Children in the study had not had chicken-pox or herpes zoster and were exposed to a family member with active varicella. Oral acyclovir was administered in a dosage of 40 mg per kg per day, in four divided doses. Prophylactic therapy was started seven days after exposure and continued for one week. Children were excluded if they had a history of immune deficiency or therapy with cytotoxic or immunosuppressive drugs or immune globulins.

VZV-specific cellular immunity was evaluated by means of the lymphocyte proliferation test (LPT), a skin test reaction to varicella virus antigen four weeks after exposure and determination of VZV-specific IgG antibody. For the skin test, a reaction greater than 5 mm was considered positive. An indirect enzyme-linked immunosorbent assay (ELISA) was used to quantify IgG antibody to VZV. The presence of specific immunity to VZV was defined as a positive result on at least one of the three tests.

Ten of the 13 children who were susceptible to varicella before exposure acquired specific VZV immunity. Each of these 10 children had positive results on the LPT, although the magnitude of the response varied. The stimulation index (the measure for the LPT) ranged from a low of 2.58 to a high of 260.50. A stimulation index of 2.5 or greater was defined as a positive test result. These 10 children did not develop symptoms of varicella. One child did not show an immune response but also had not developed primary varicella by the 34th day after exposure. Two children had the onset of varicella symptoms 19 and 21 days after exposure, suggesting that the acyclovir prophylaxis failed.

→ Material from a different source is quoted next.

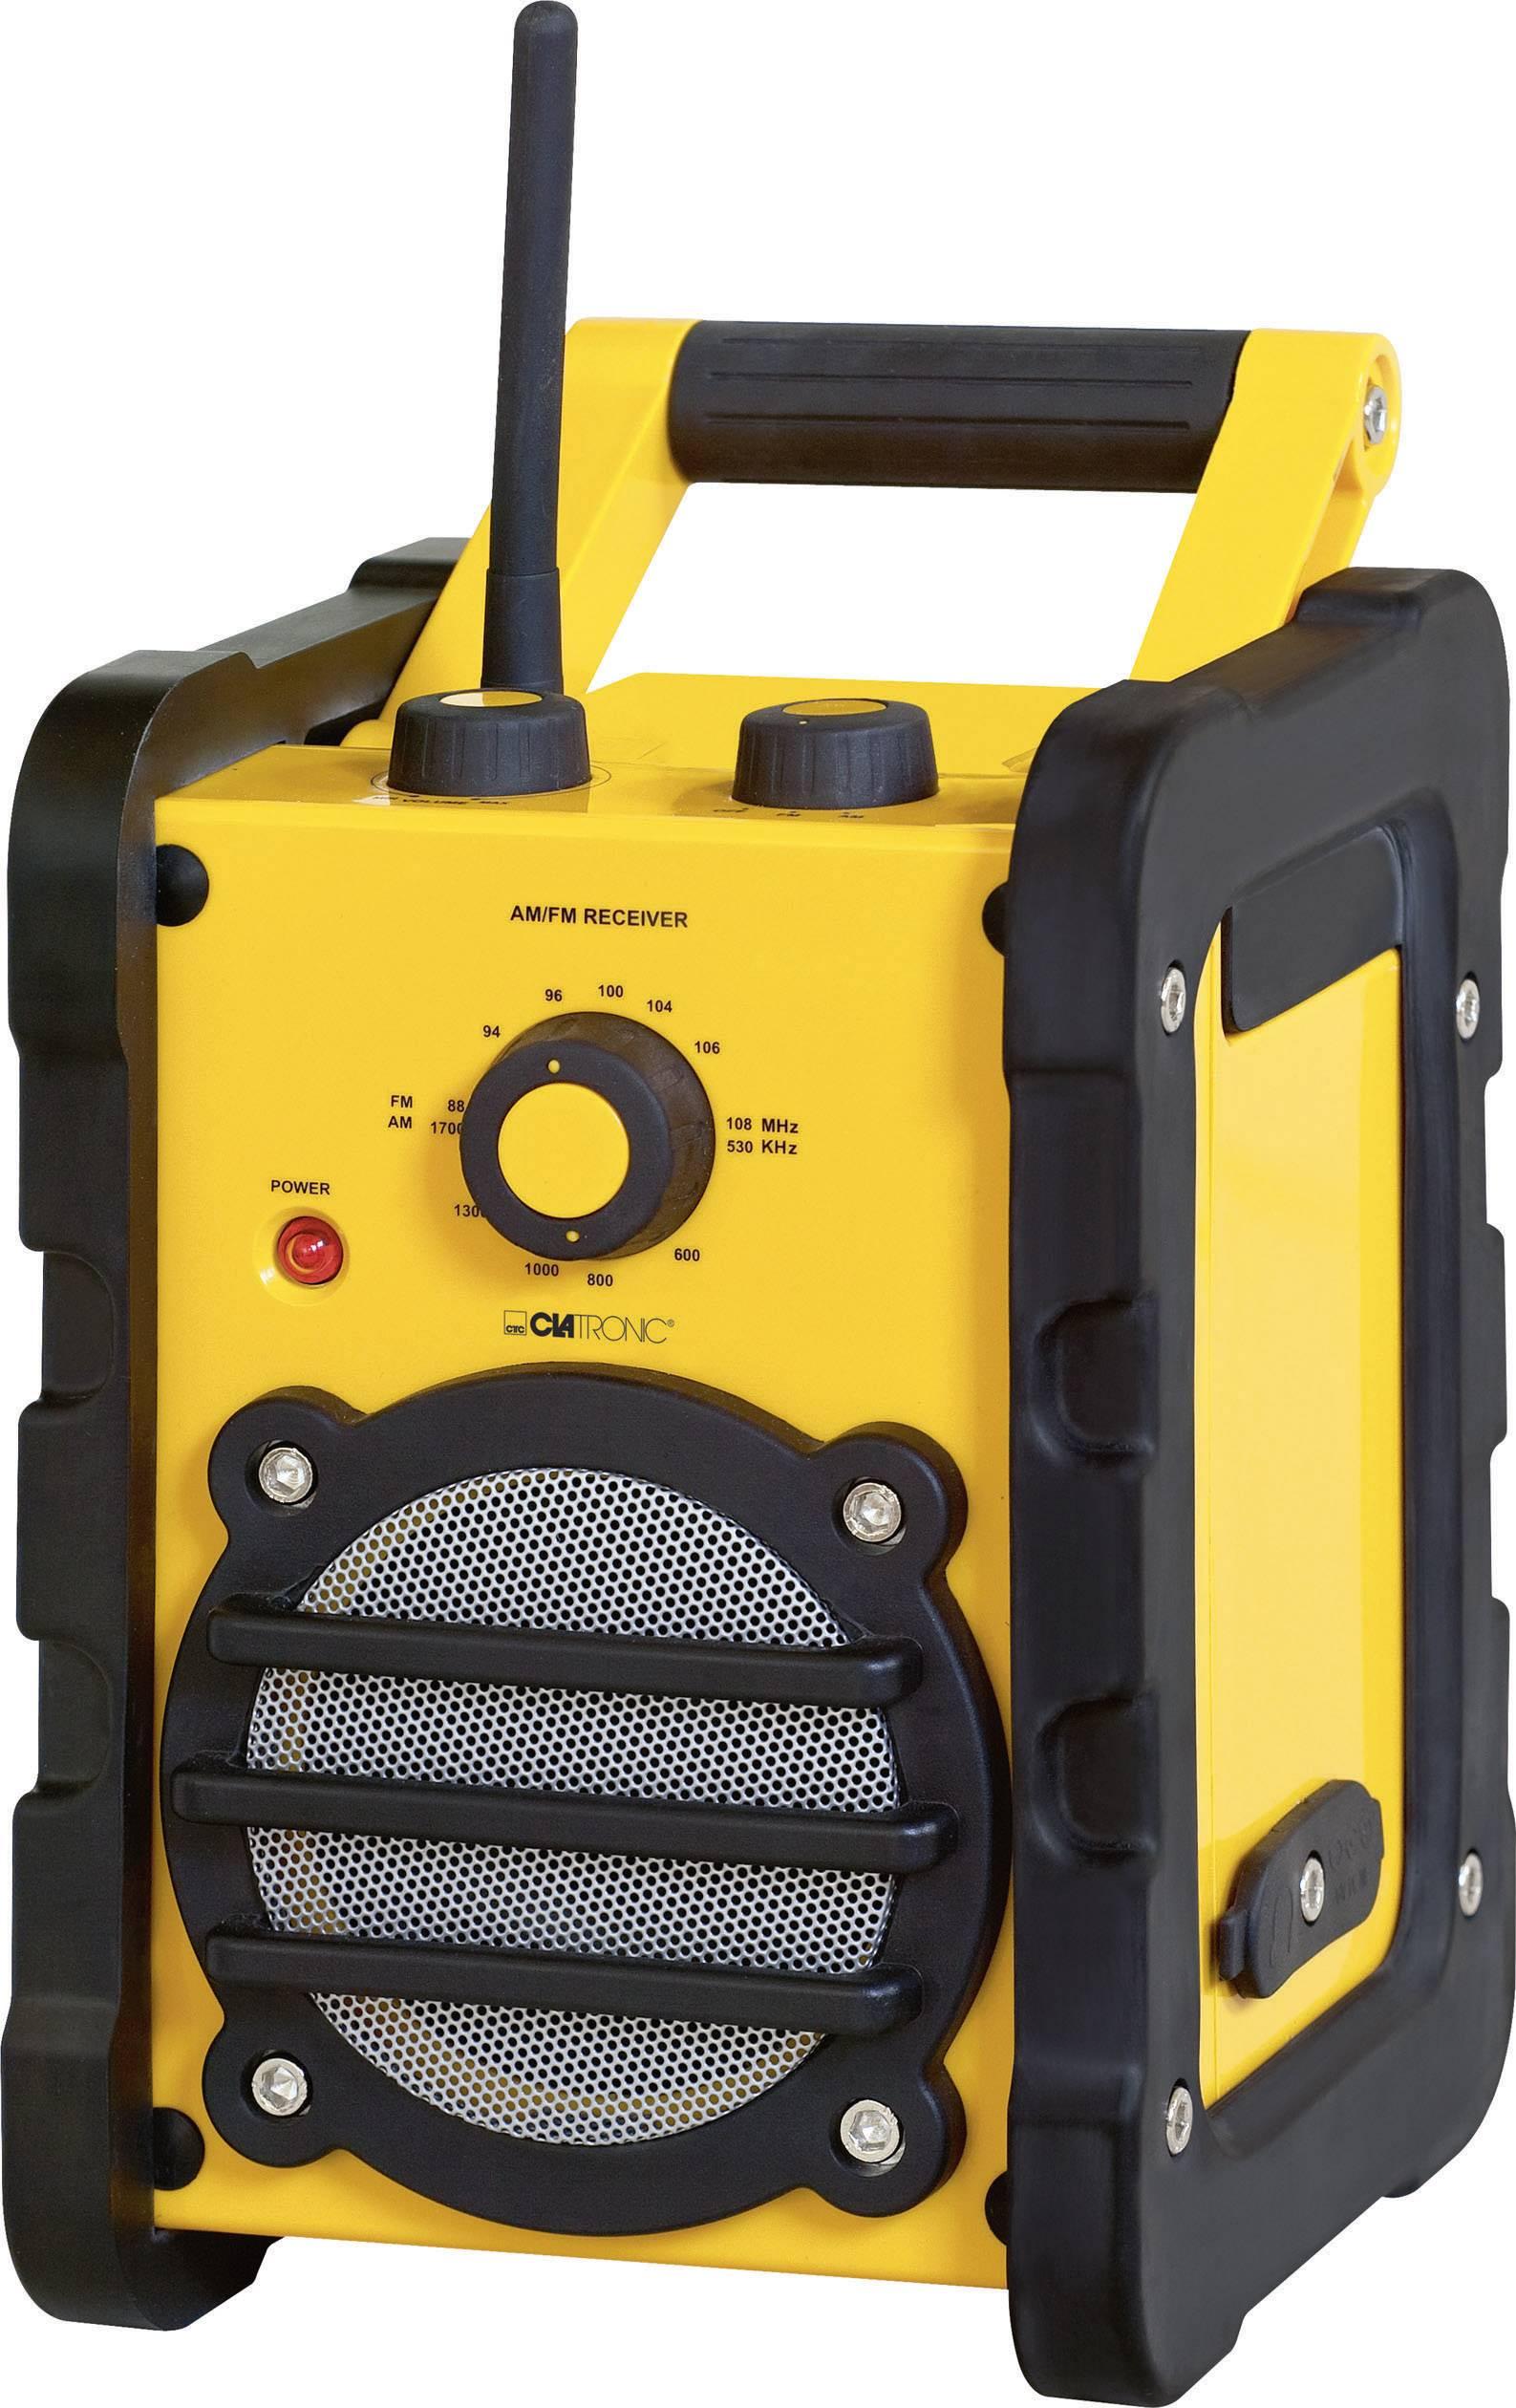 FM outdoorové rádio Clatronic BR 816, AUX, MW, UKW, žltá, čierna

Skin test results were positive in seven of 10 children. A fourfold rise in VZV-specific IgG titer by ELISA occurred in three of the 10 children. In four children, antibody activity was detected at baseline, suggesting the presence of maternally acquired antibody. Two children had positive antibody responses to VZV by ELISA on the sixth and 10th days after exposure, indicating that they had acquired specific immunity from asymptomatic infection before the documented exposure.

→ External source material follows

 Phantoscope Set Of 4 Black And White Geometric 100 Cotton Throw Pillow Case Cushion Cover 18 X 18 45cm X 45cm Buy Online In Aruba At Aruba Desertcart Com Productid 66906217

The authors conclude that cell-mediated immunity to VZV develops following exposure to chickenpox in children who receive acyclovir prophylaxis. The findings corroborate previous studies that have shown acyclovir to be effective in preventing symptomatic chickenpox in children if prophylaxis is initiated seven to 14 days after exposure. In the authors' study, the peak immune response occurred three to five weeks after exposure to VZV, which is the same as that observed in children who contract active infection. The authors state that the varicella vaccine is the first choice for prophylaxis, but acyclovir is an alternative if vaccination is not possible within a few days after exposure. A VZV immune status should be determined in children who receive acyclovir prophylaxis to document immunity and avoid unnecessary administration of varicella vaccine in children with acquired immunity.